About this task: When you return the lines below, go from the first through the line with "French Alsace antique", keep them exact, and leave out every picture.

Provided material:
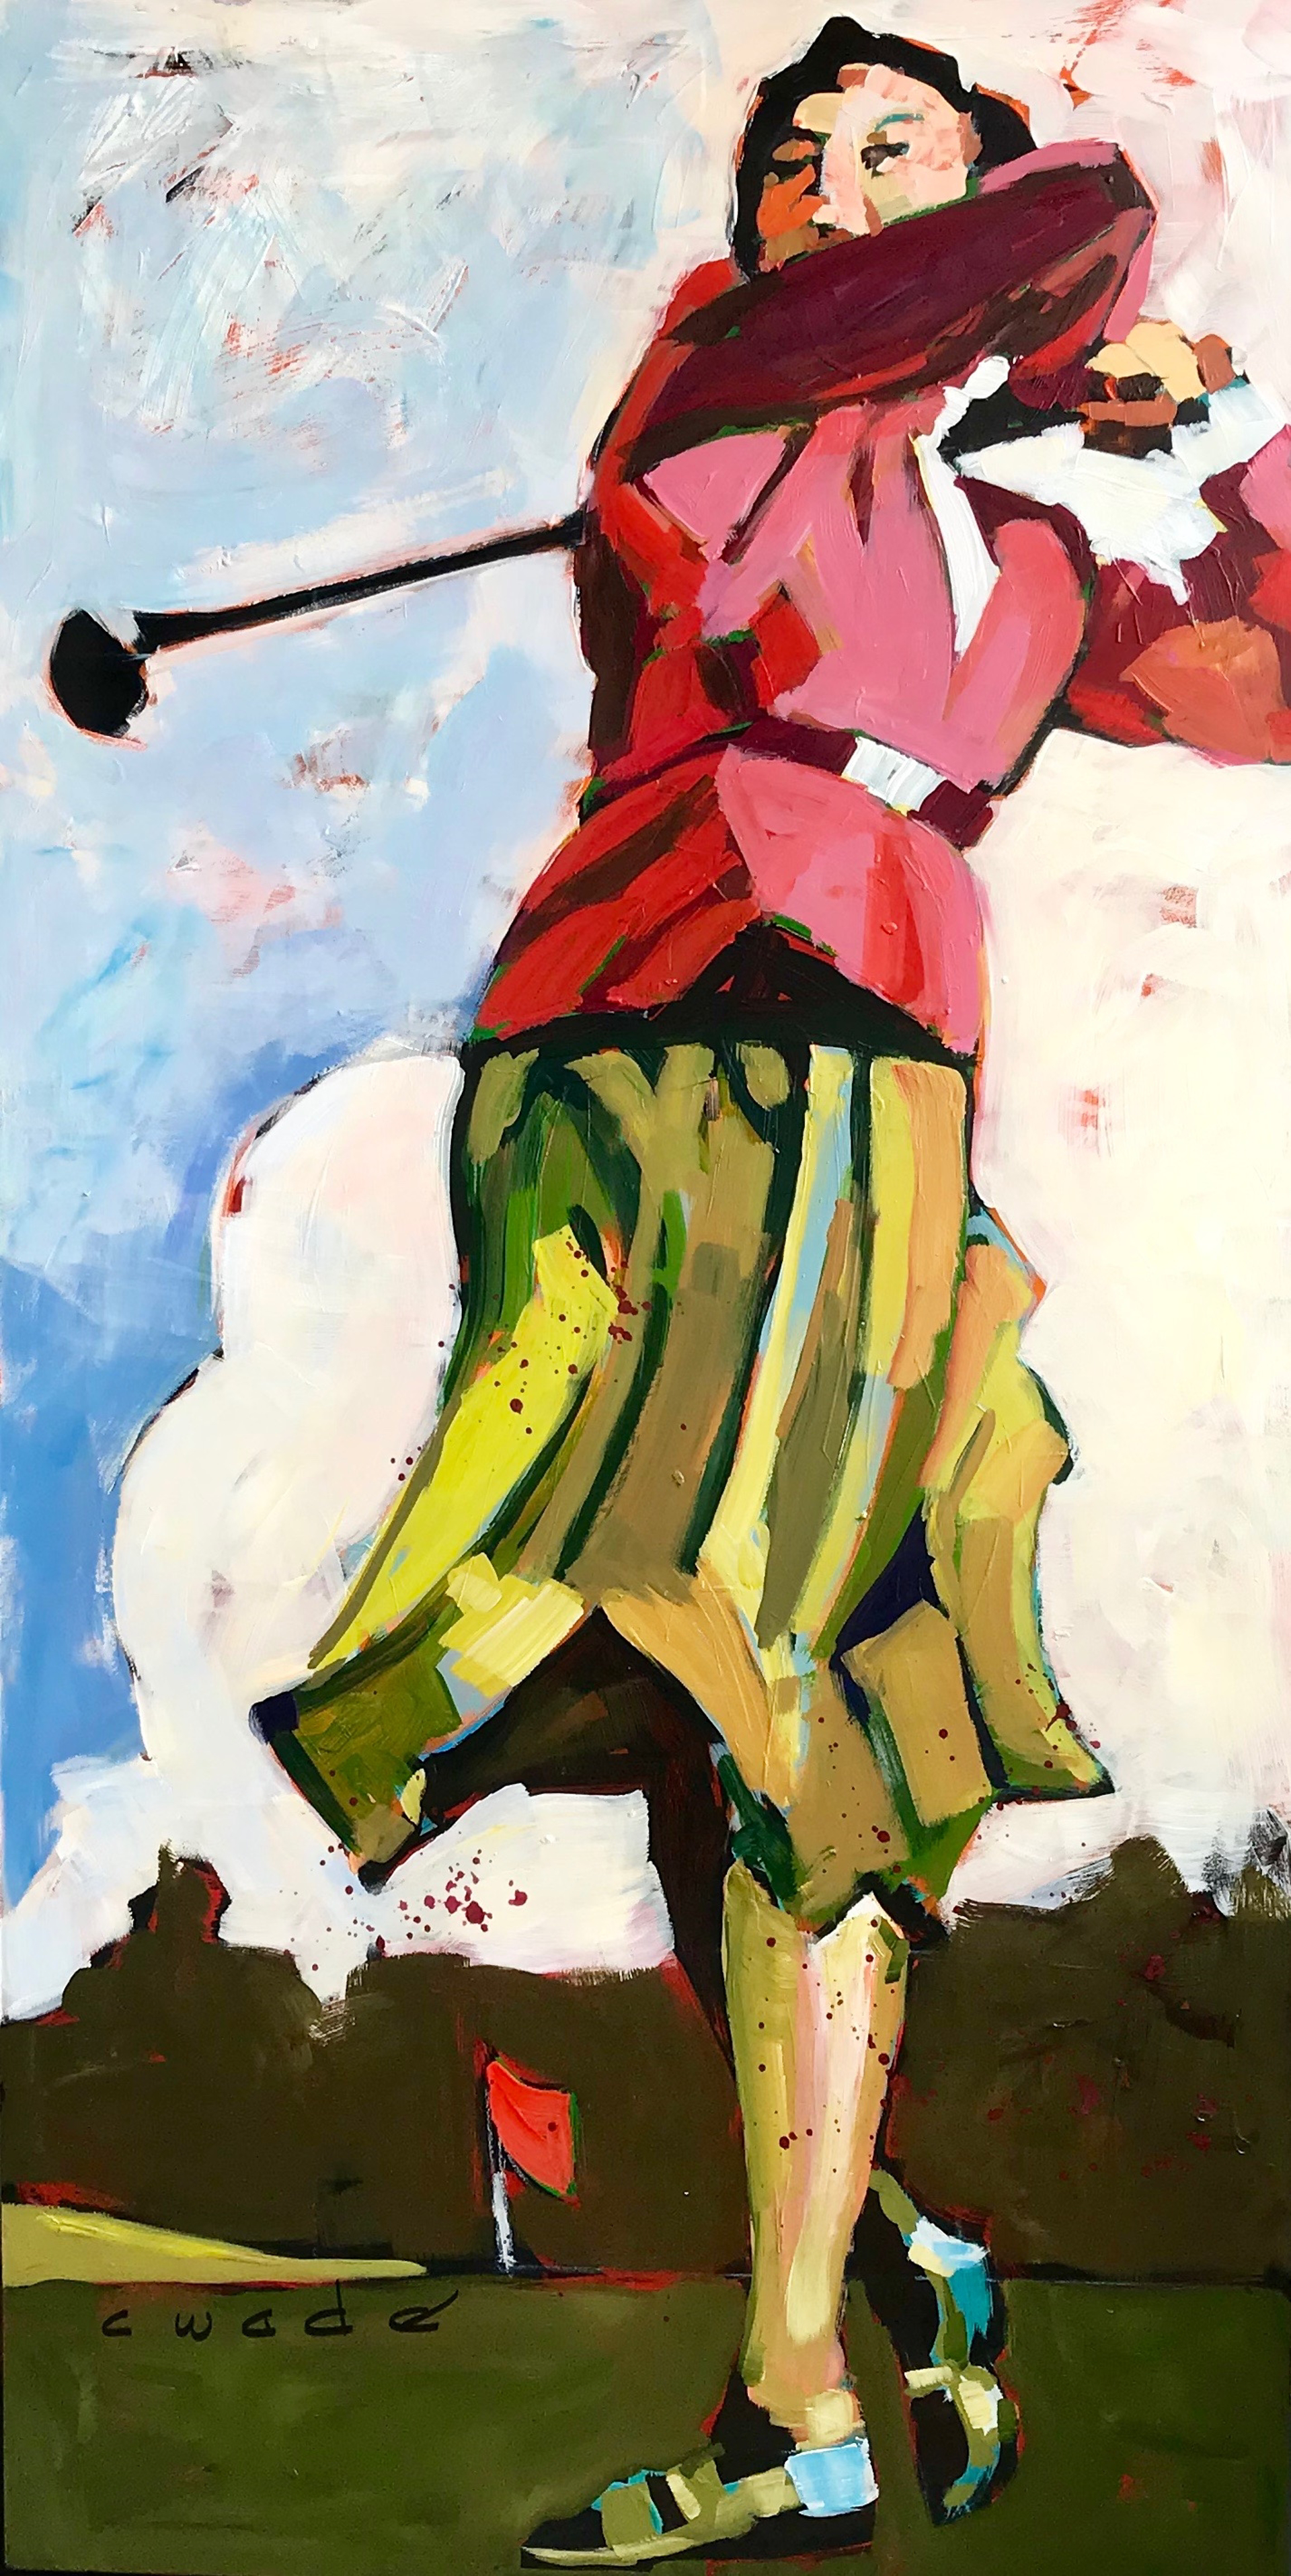 Golfer in Red Jacket by Carole Wade
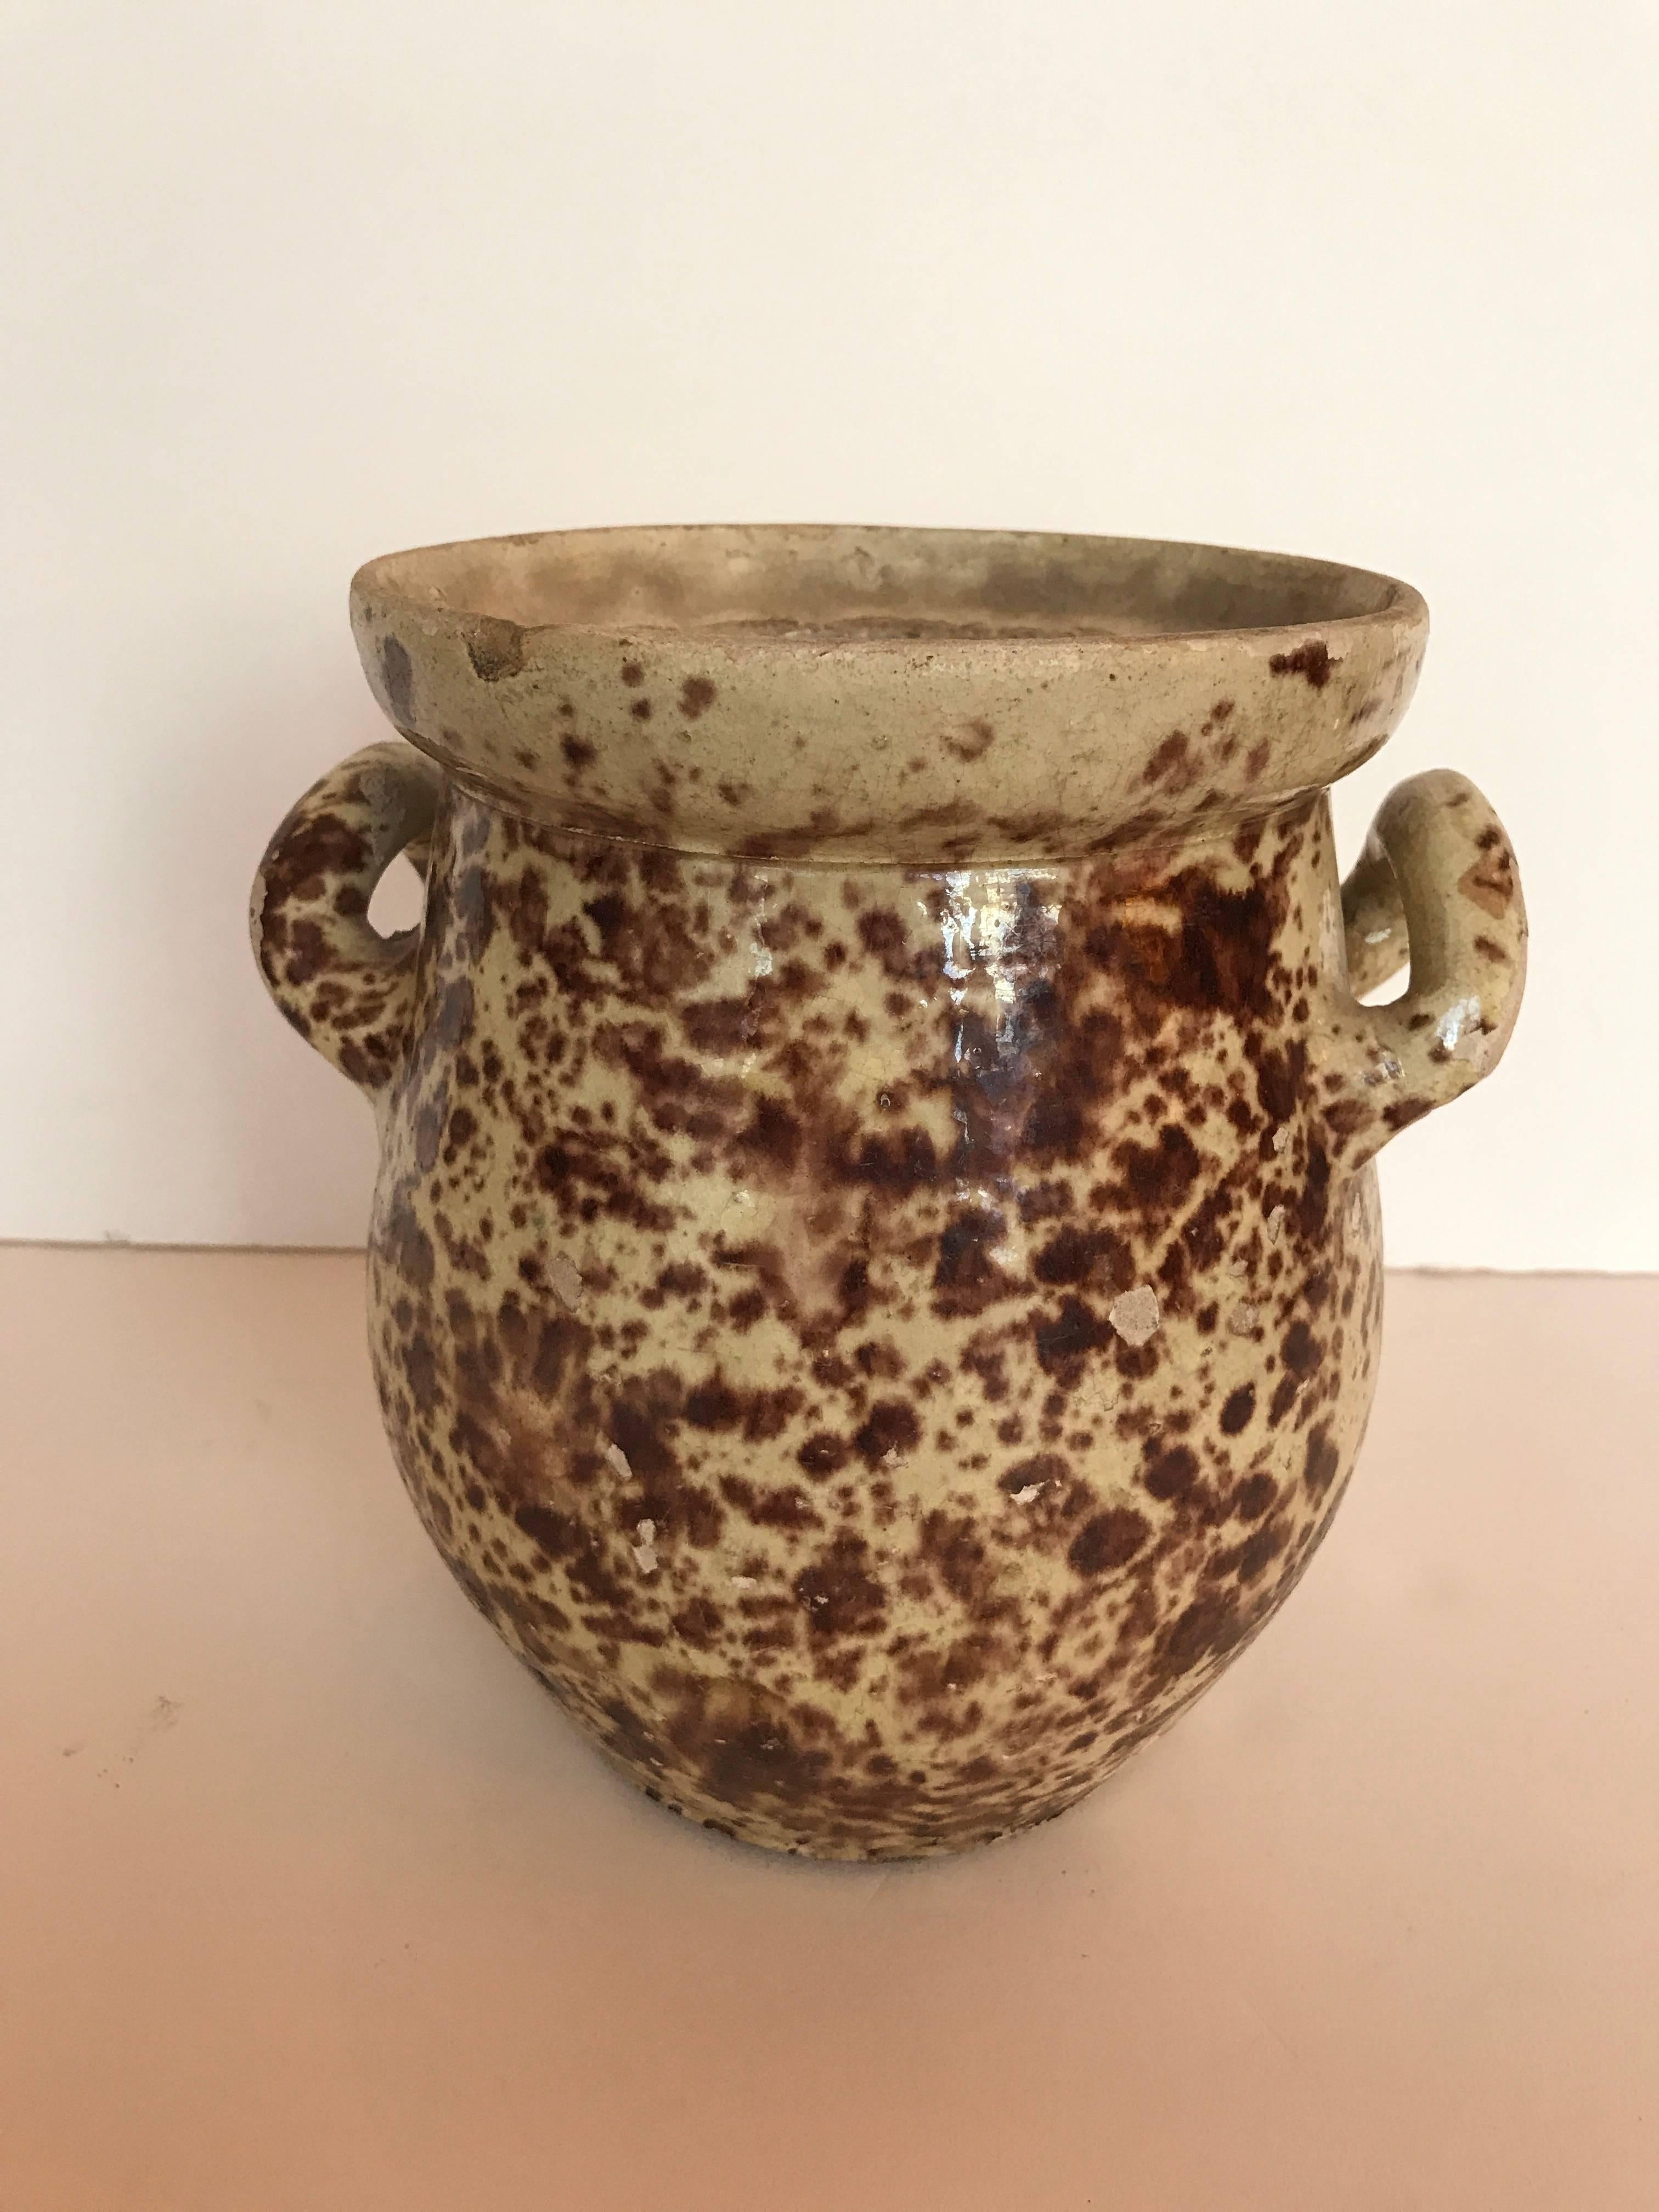 French Alsace antique pot with handles.  A wonderful folk art pottery example.  One of a kind for your collection.  Minimal flaking on handles, along top rim and small flakes on body of pot but nothing too disturbing for the age of the piece. 
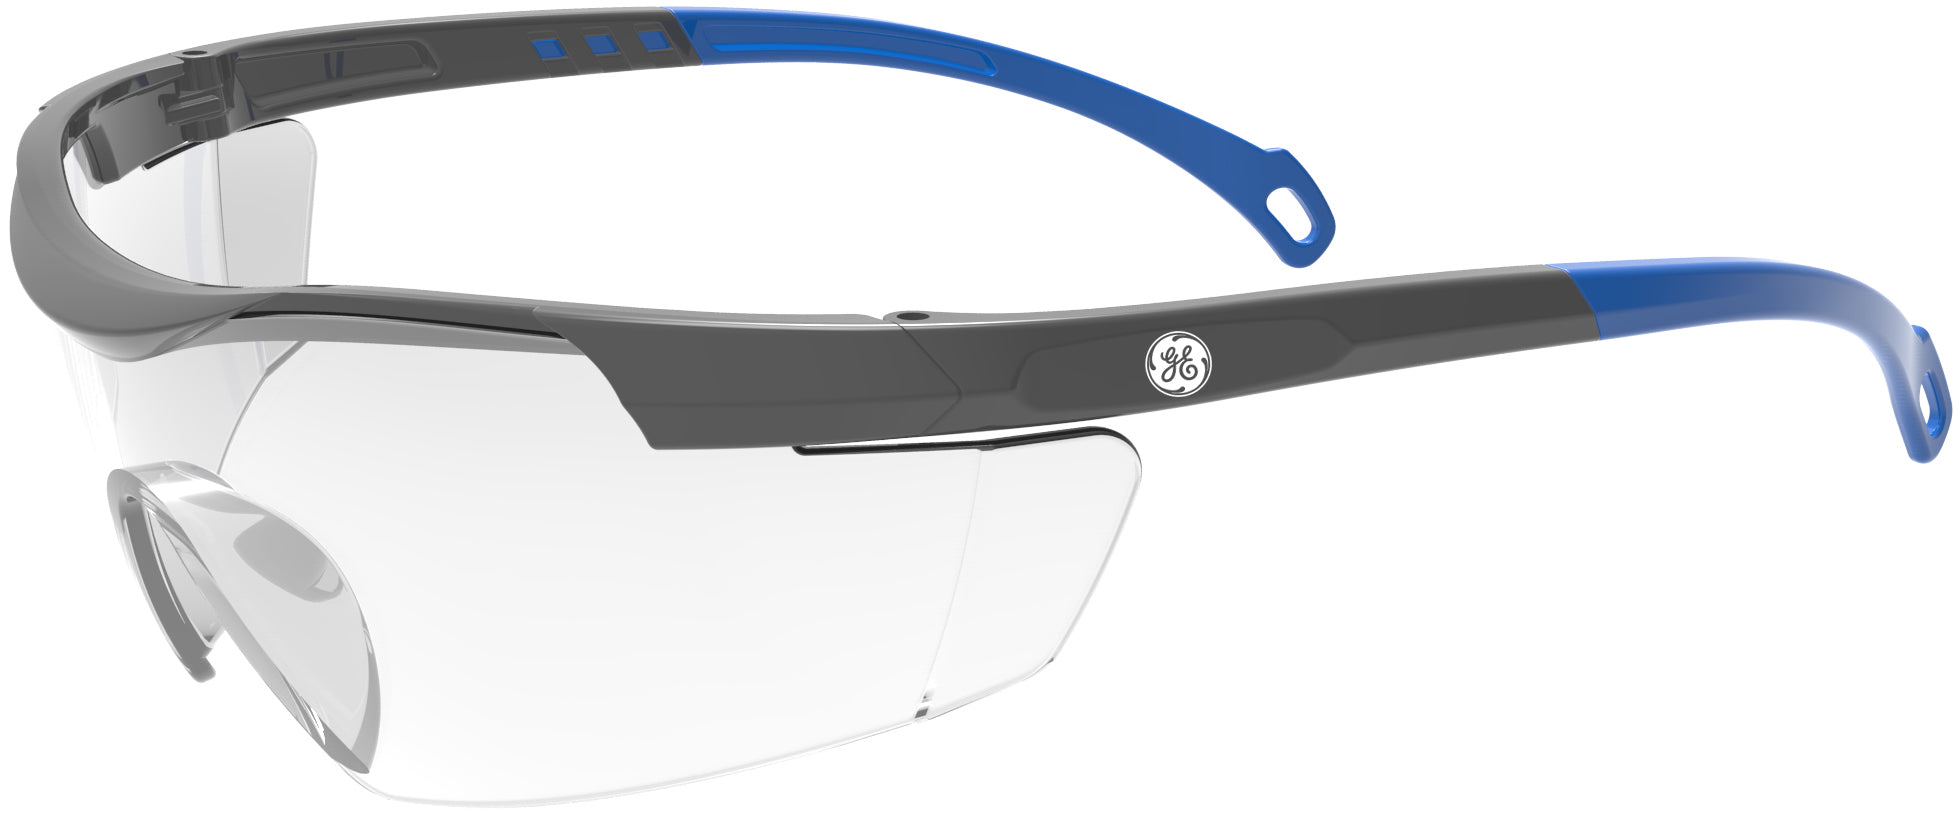 GE PPE - PROTECTIVE EYEWEAR - 01 Series Safety Glasses - #101C - Clear and I/O Reflective

Task answer:
 Golfer in Red Jacket by Carole Wade
 French Alsace antique pot with handles.  A wonderful folk art pottery example.  One of a kind for your collection.  Minimal flaking on handles, along top rim and small flakes on body of pot but nothing too disturbing for the age of the piece. 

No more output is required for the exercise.